Because most of the time I trust online wallets, I'm afraid to use MyEtherWallet wallet again, and I'm afraid of losing.

[h55]

Popular Ethereum wallet interface MyEtherWallet has succumbed to a DNS hijacking attack that allowed a hacker to redirect users to a malicious version of the website.

The MEW confirmed that this was not their fault and was trying their best to identify the attacked server to fix things as soon as possible.
This topic is rapidly spreading on the Reddit forum. The attacking IP address seems to come from Russia. At the time of writing, 25,000 ETH ($ 17 million) has been stolen.

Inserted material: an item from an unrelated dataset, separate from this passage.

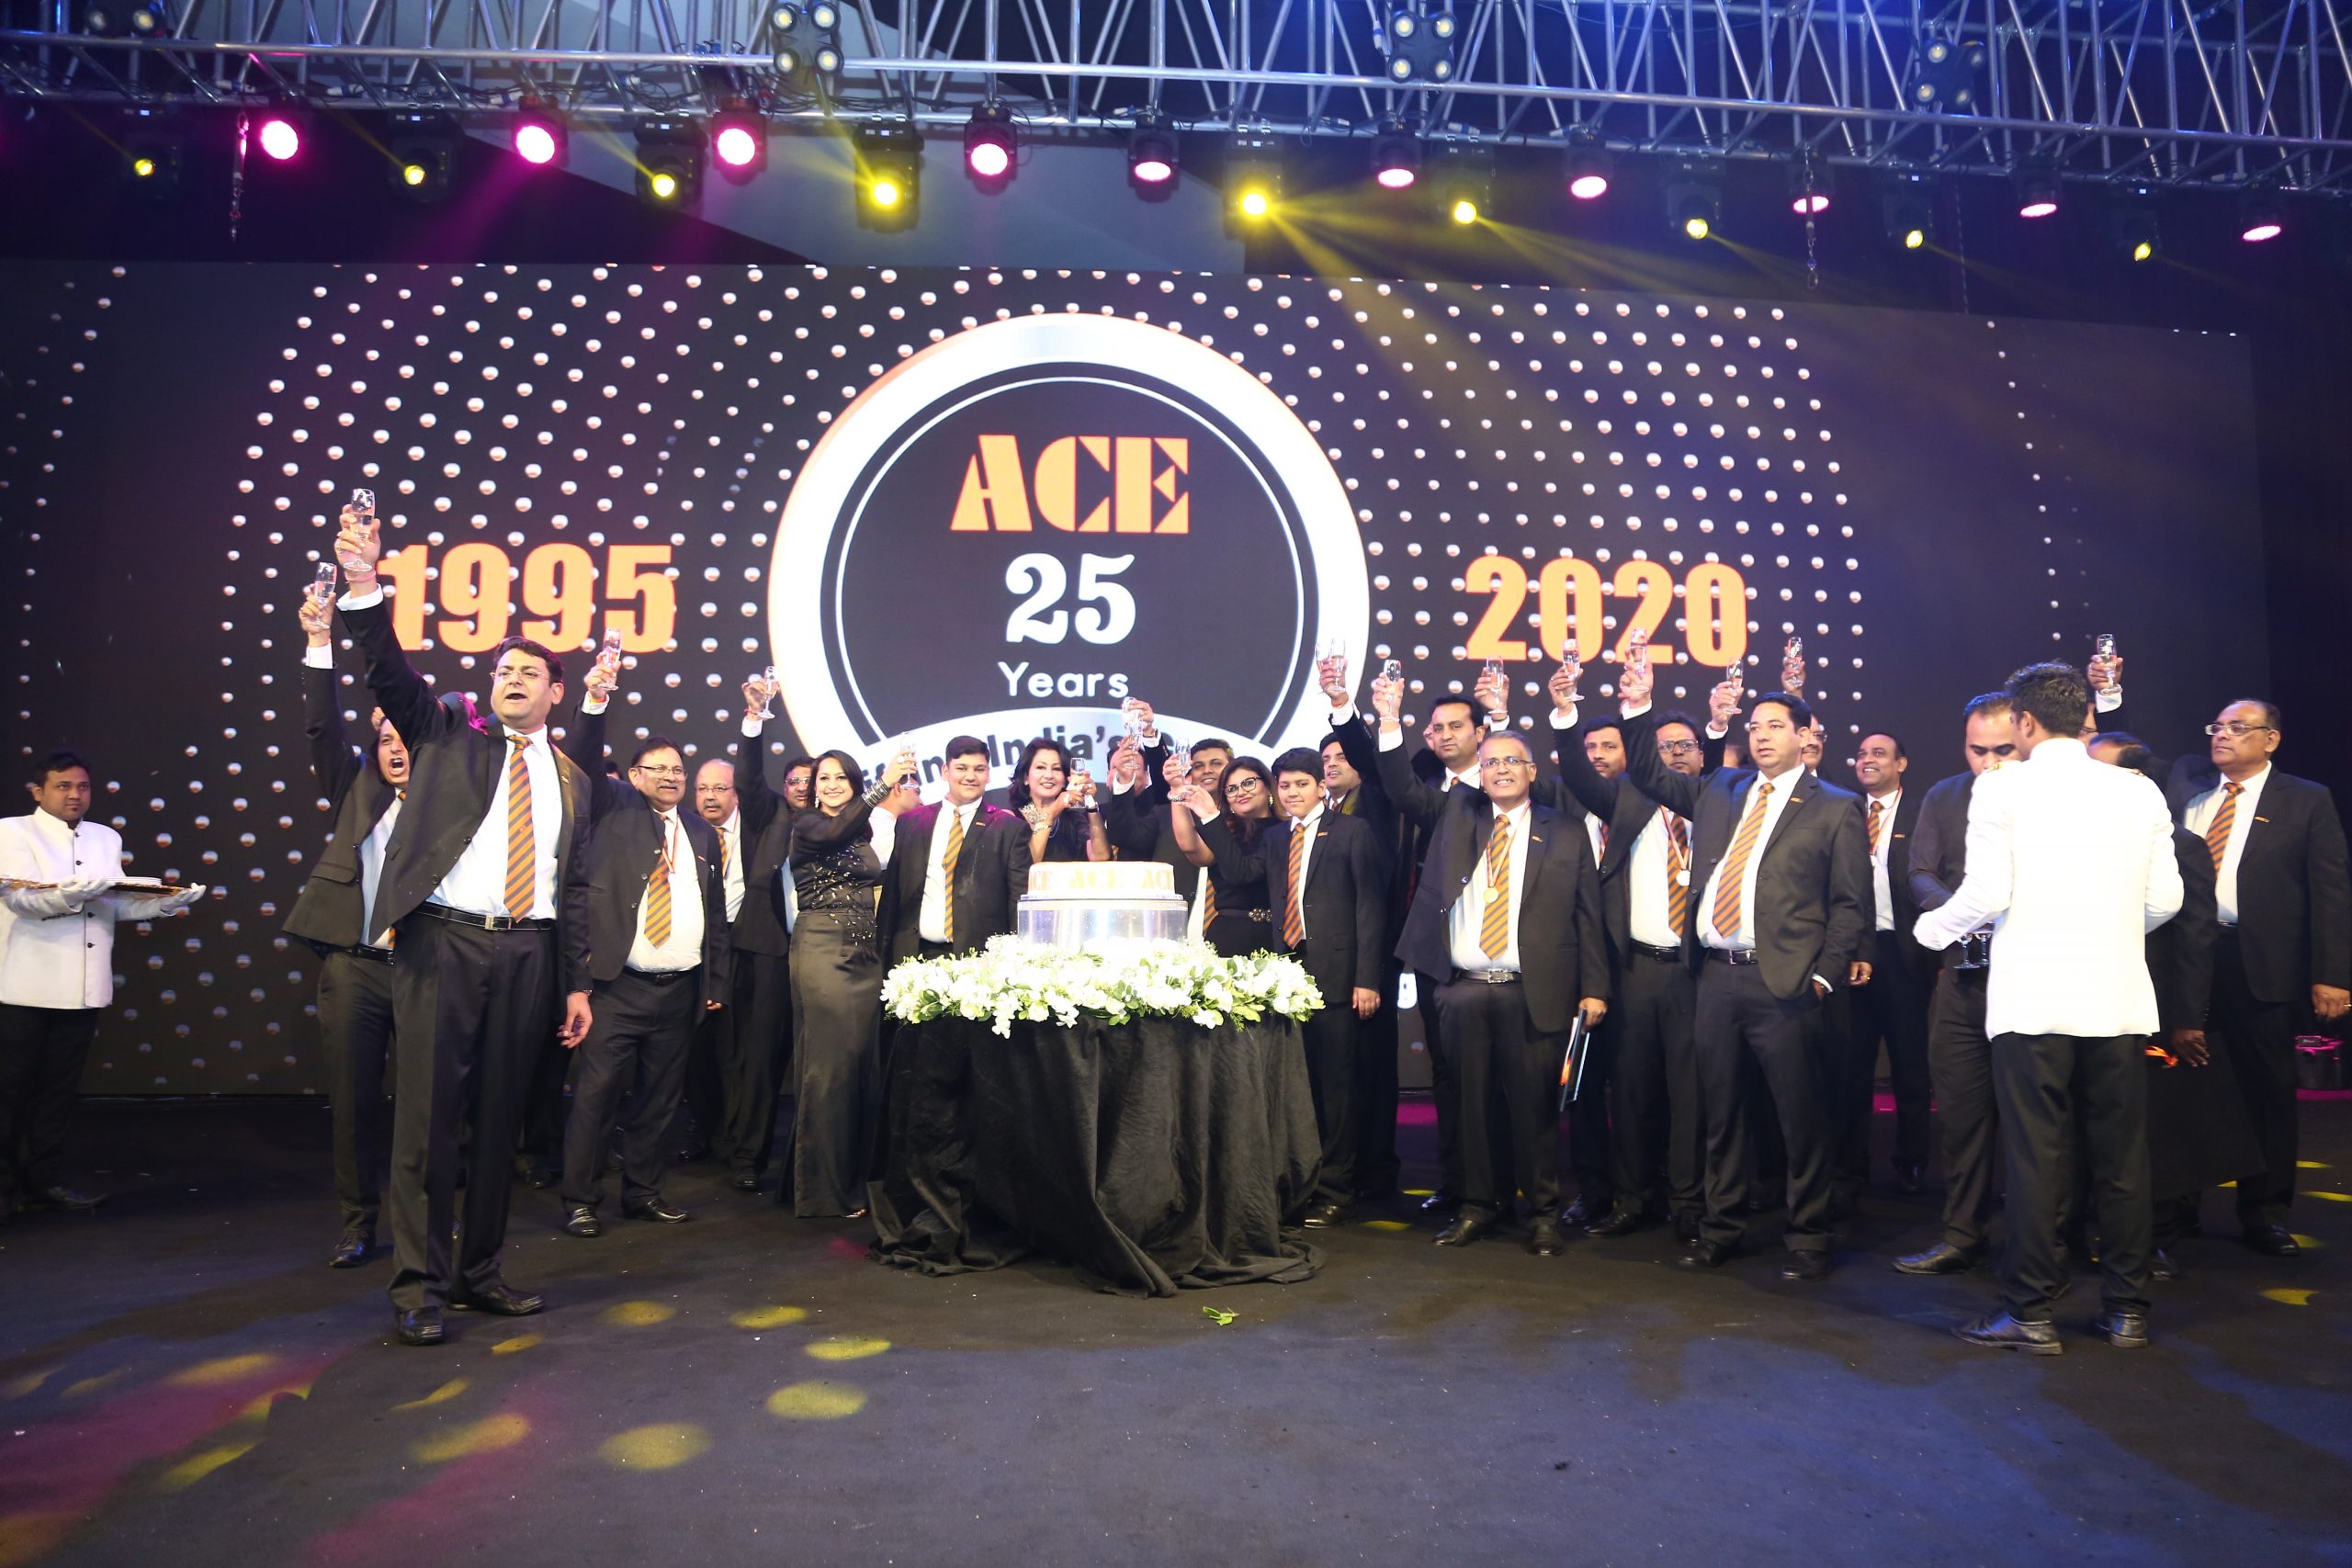 ACE- India’s No. 1 Crane Brand celebrates 25 years of Lifting India’s Growth

It is highly recommend that everyone be careful when using the MEW wallet and follow the security instructions by MEW wallet. In other words, you are advised to integrate Metamask into login and make direct transactions via Metamask. If you want to check your balance, visit https://etherscan.io/, which means you do not have to log into MyEtherwallet.com anymore, so you will avoid the hidden potential risk here.

Rothscoin team.

yesterday DNS erorr was clear. but after 2 hours they try to fix it. Now it works fine for me. hackers tried to hack DNS from last week and i did not login to my wallet.

[Dudesss]

Yea I have noticed yesterday that the website of MEW is not accesable there was something on the page that it was being attack by some kind of crap I thought I was having problem with my Internet or Browser and now that I have read this it is clear now Thanks!

[willoweb]

Hardware wallets our salvation in such situations, well, or at least Metamask, but certainly not a private key to access the wallet through MEW.

[feny.blackpink]

Popular Ethereum wallet interface MyEtherWallet has succumbed to a DNS hijacking attack that allowed a hacker to redirect users to a malicious version of the website.

The MEW confirmed that this was not their fault and was trying their best to identify the attacked server to fix things as soon as possible.
This topic is rapidly spreading on the Reddit forum. The attacking IP address seems to come from Russia. At the time of writing, 25,000 ETH ($ 17 million) has been stolen.

It is highly recommend that everyone be careful when using the MEW wallet and follow the security instructions by MEW wallet. In other words, you are advised to integrate Metamask into login and make direct transactions via Metamask. If you want to check your balance, visit https://etherscan.io/, which means you do not have to log into MyEtherwallet.com anymore, so you will avoid the hidden potential risk here.

Rothscoin team.

Yes it is not the MEW side fault. but maybe in the future, can they have a 2fa authentication for login into MEW ?
i think it is necessary to develop some security system on the web wallet such as MEW.